I’d be grateful for the forum’s input as to whether you foresee any tax implications with this arrangements. Does the trust run the risk of becoming settlor interested?

Cara Hughes
Kingston Smith

The fact the trust is to be set up by a friend will not prevent A and B
being the economic settlors and the usual consequences of that applying,
including taxation. Whilst, for IHT, I font believe it will be settler
assessable on the facts, as stated, the settlers will be assessable to
income tax on distributions to their minor children.

Are the C shares to be issued to the trustees, or settled by the
settlers? If the former, the trustees will need to be put in funds to
subscribe for those shares.

Any distribution on the C shares will need to be supported by the
company generating distributable profits. However, at the time the
shares enter the trust it might be preferable for the company to be
merely a shell and only commence activities once the initial dust has

Paul Saunders

I think your summary misses out the vital question of how the company acquires the money to generate profits and the terms of the C shares (for example do they only benefit when the company’s NAV reaches a threshold)? It would also be helpful to know what the stated purpose of the plan is. It may of course be simply to limit the tax on accumulated investment profits to corporation tax rates.

If the funds are added by way of subscription for the A & B shares and the C shares are issued for only nominal consideration then this may well be a chargeable transfer by A & B - either under the general rules (because the A&B shares are worth less than is paid for them or s.98 IHTA (alteration of share capital)). It may or may not involve associated operations, depending on the order in which the shares are issued.

The settlement should not be settlor interested for income tax under ITTOIA s.624/5 as A & B are not beneficiaries (assuming they are excluded). The trustees will in any case pay the highest rate of income tax and it does sound like an “arrangement” so I suspect that any trust distributions to minor children would be caught and attributed to A & B under s.629.

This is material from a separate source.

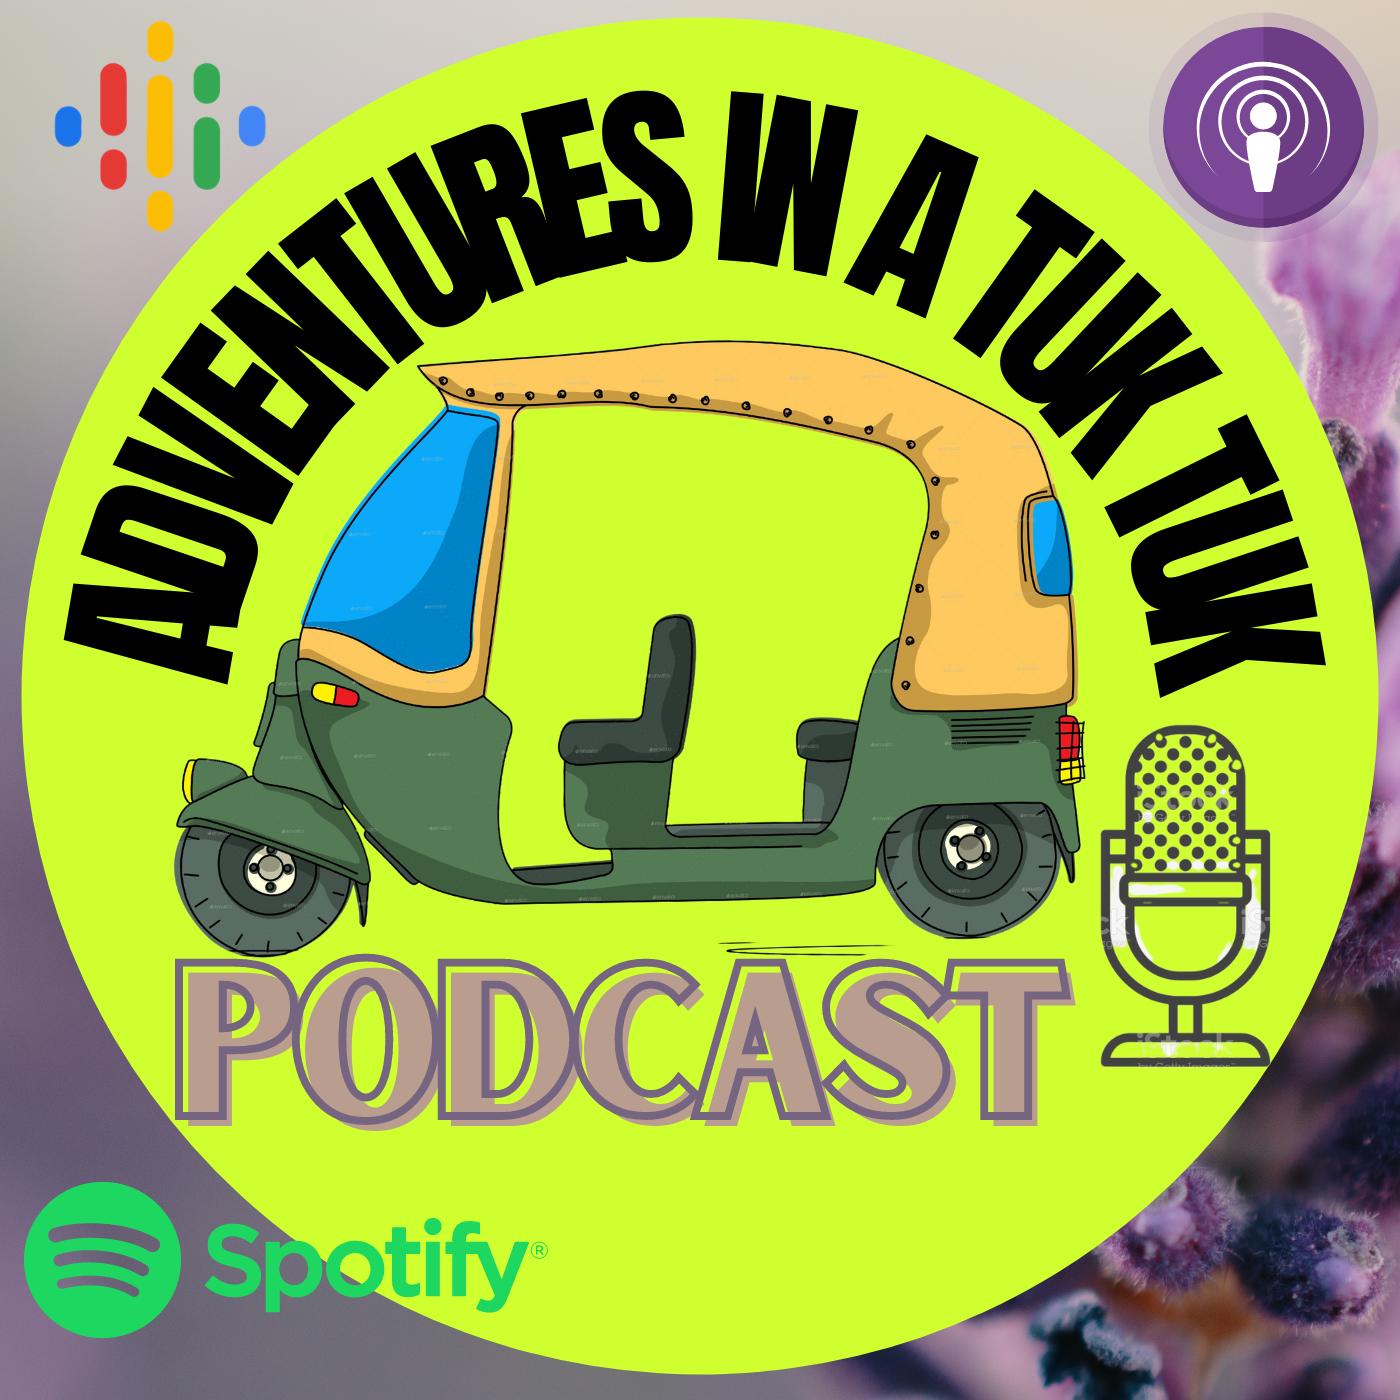 Artwork for podcast Adventures in a tuk tuk

Unless the method of adding value to the company somehow avoids a chargeable transfer and the income tax settlements legislation, it would seem that the same result could be achieved by the parents establishing the trust and transferring shares to it directly.

Andrew Goodman
Osborne Clarke LLP

I would review the decision in Butler v Wildin and consider its possible application to this scenario. It was a controversial decision, which was settled out of court during proceedings before the Court of Appeal but HMRC no doubt regard the High Court decision to be still relevant.